# [What to produce]
Please repeat the entire listing verbatim and keep the pictures out.

# [Data section]
= = = = = = =

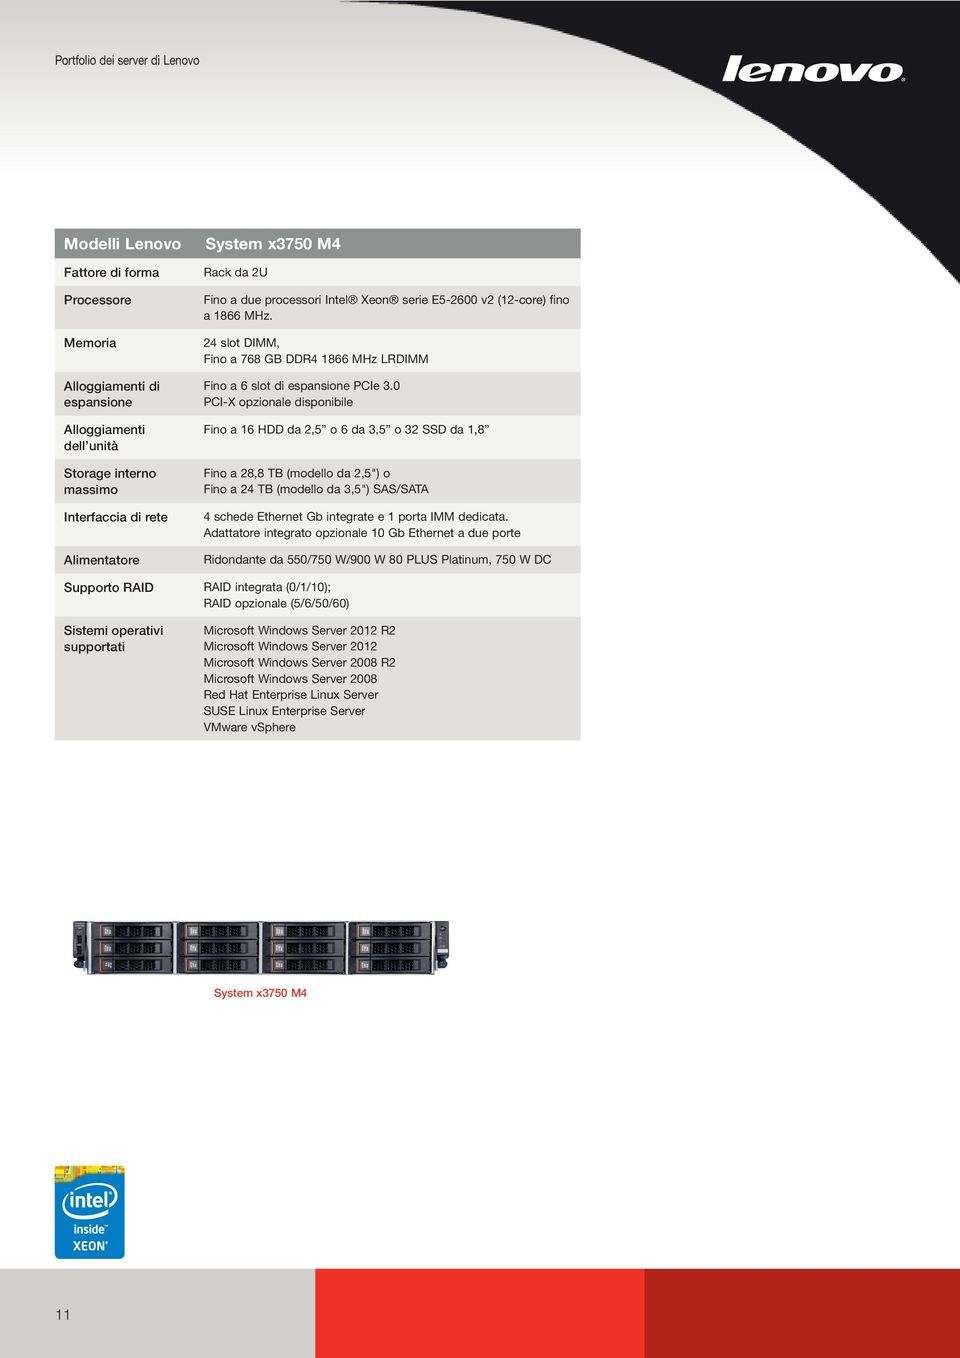 0 PCI-X opzionale disponibile Fino a 16 HDD da 2,5 o 6 da 3,5 o 32 SSD da 1,8 Fino a 28,8 TB (modello da 2,5") o Fino a 24 TB (modello da 3,5") SAS/SATA 4 schede Ethernet Gb integrate
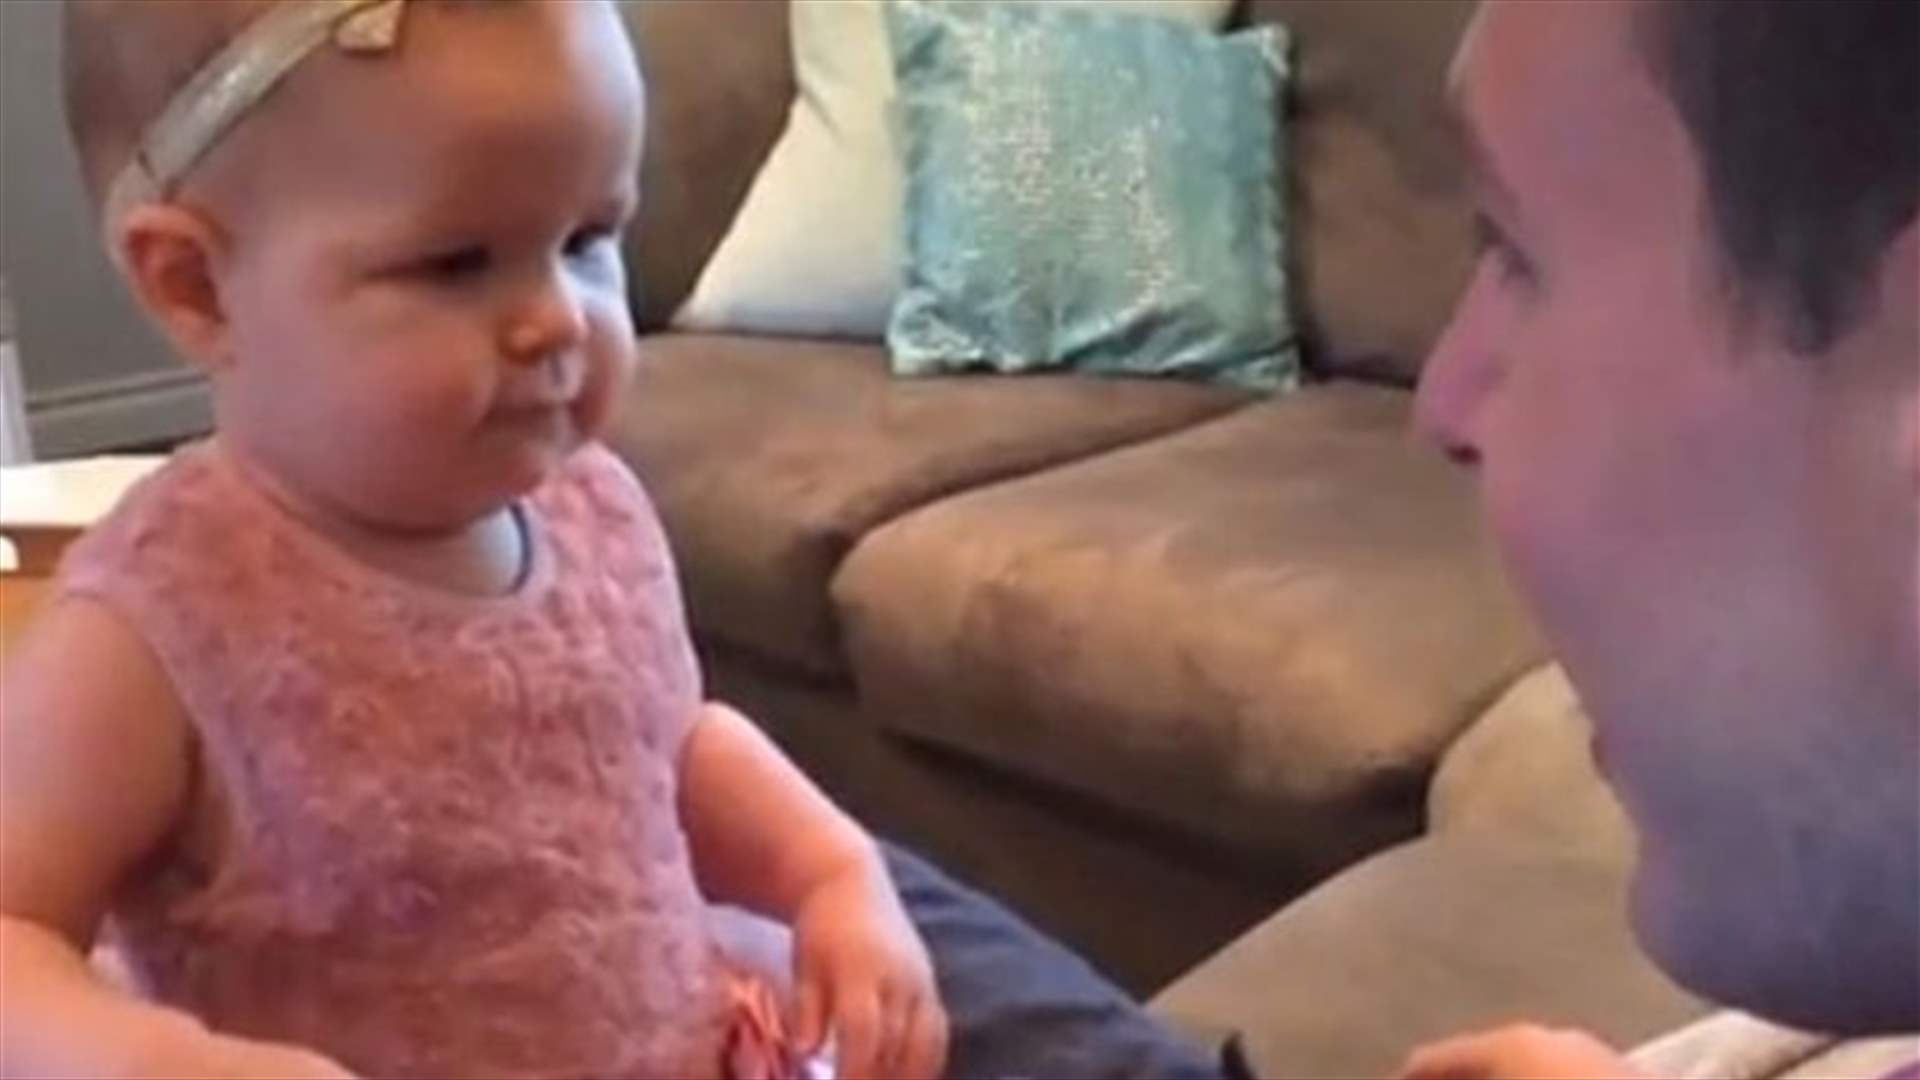 بالفيديو: طفلة تتفاجأ بمظهر والدها بعد الحلاقة... ماذا فعلت؟
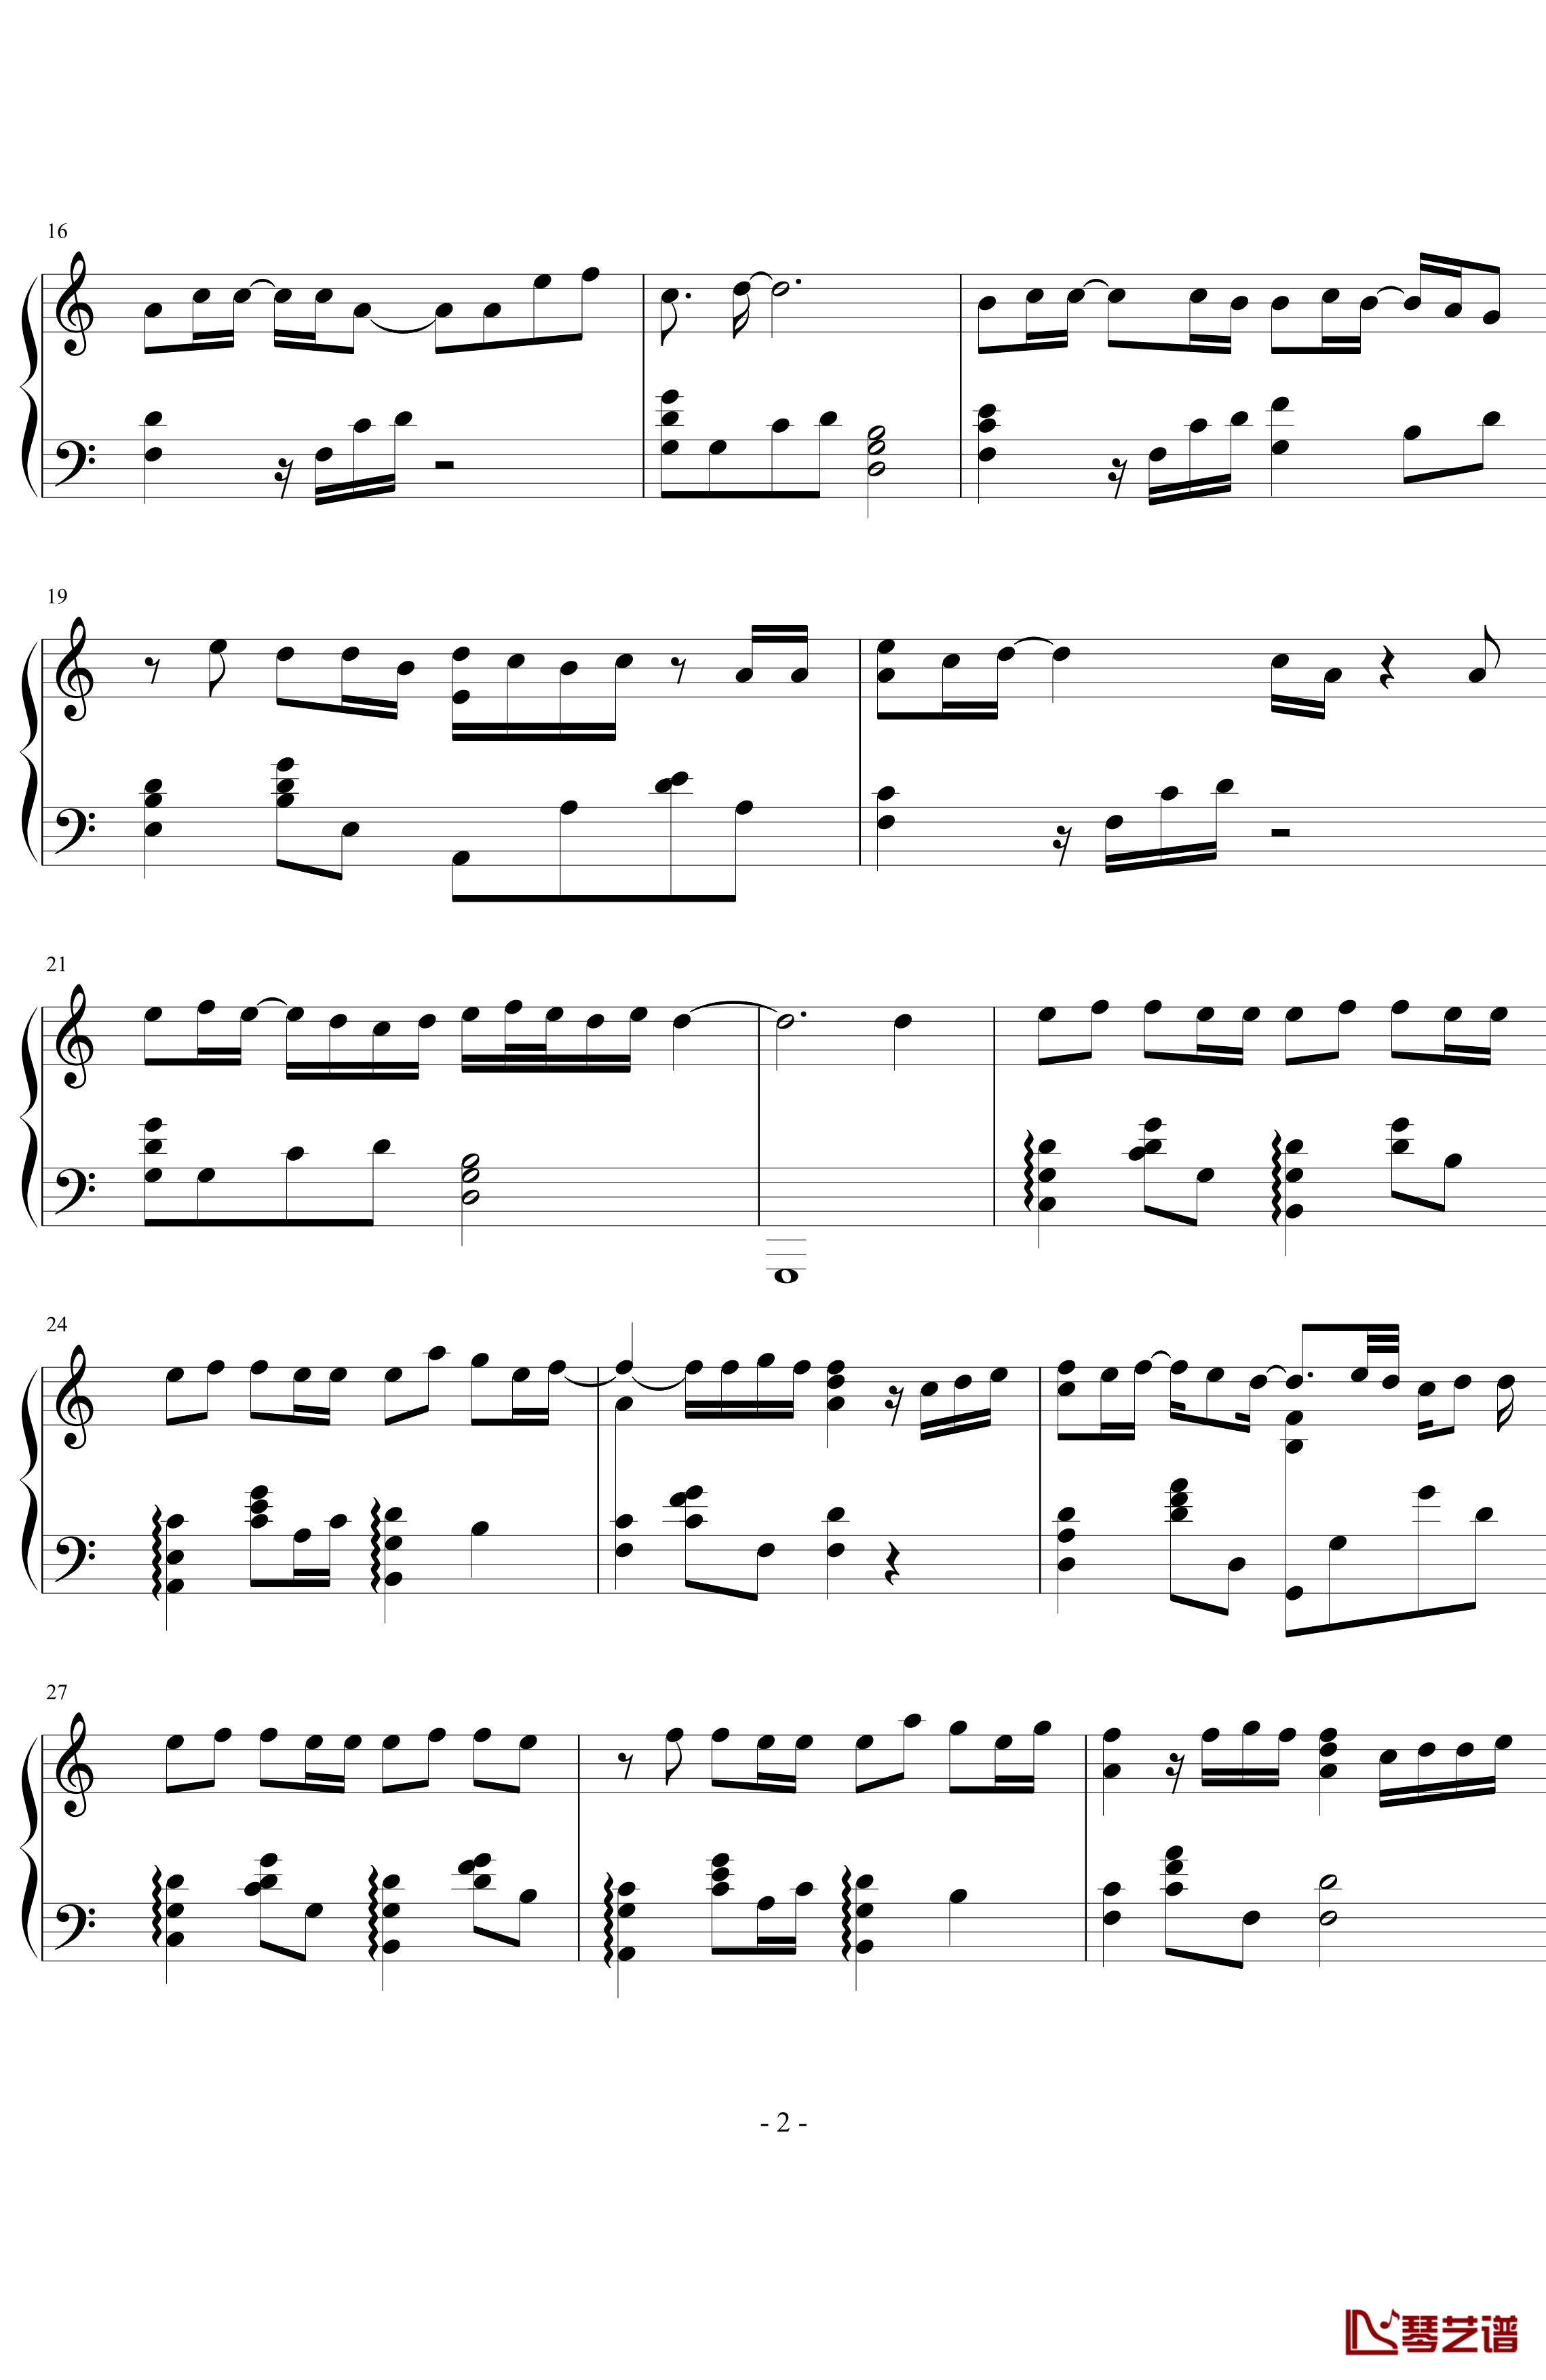 绝版的温柔钢琴谱-第一诞生版-丁于2
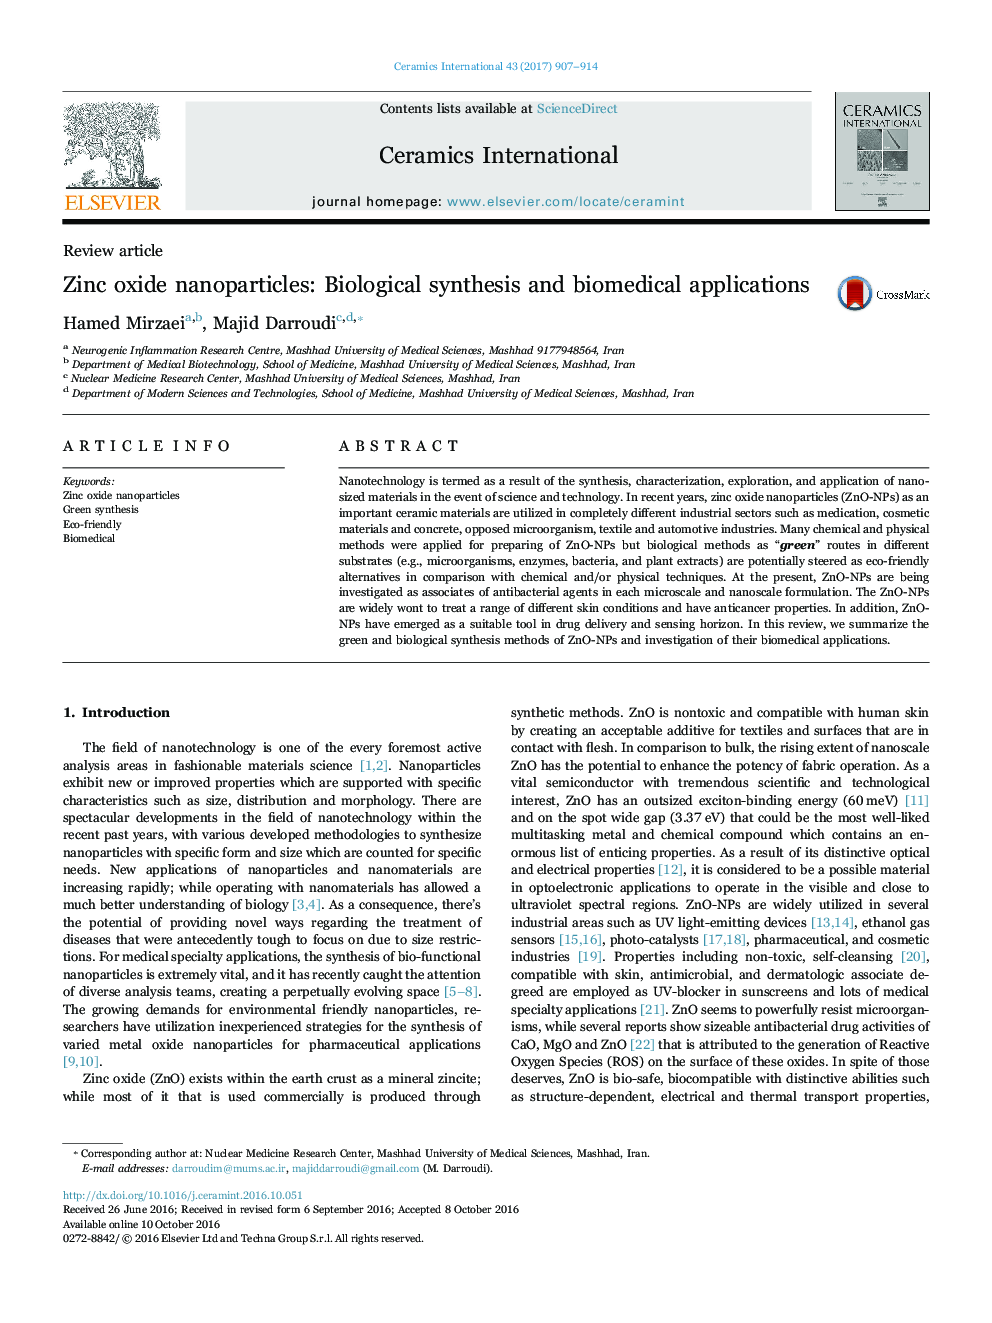 نانوذرات اکسید روی: سنتز بیولوژیکی و کاربردهای بیومدیکال

= = = = = = =

# [Exercise answer]
 0 PCI-X opzionale disponibile Fino a 16 HDD da 2,5 o 6 da 3,5 o 32 SSD da 1,8 Fino a 28,8 TB (modello da 2,5") o Fino a 24 TB (modello da 3,5") SAS/SATA 4 schede Ethernet Gb integrate
 بالفيديو: طفلة تتفاجأ بمظهر والدها بعد الحلاقة... ماذا فعلت؟
 绝版的温柔钢琴谱-第一诞生版-丁于2
 نانوذرات اکسید روی: سنتز بیولوژیکی و کاربردهای بیومدیکال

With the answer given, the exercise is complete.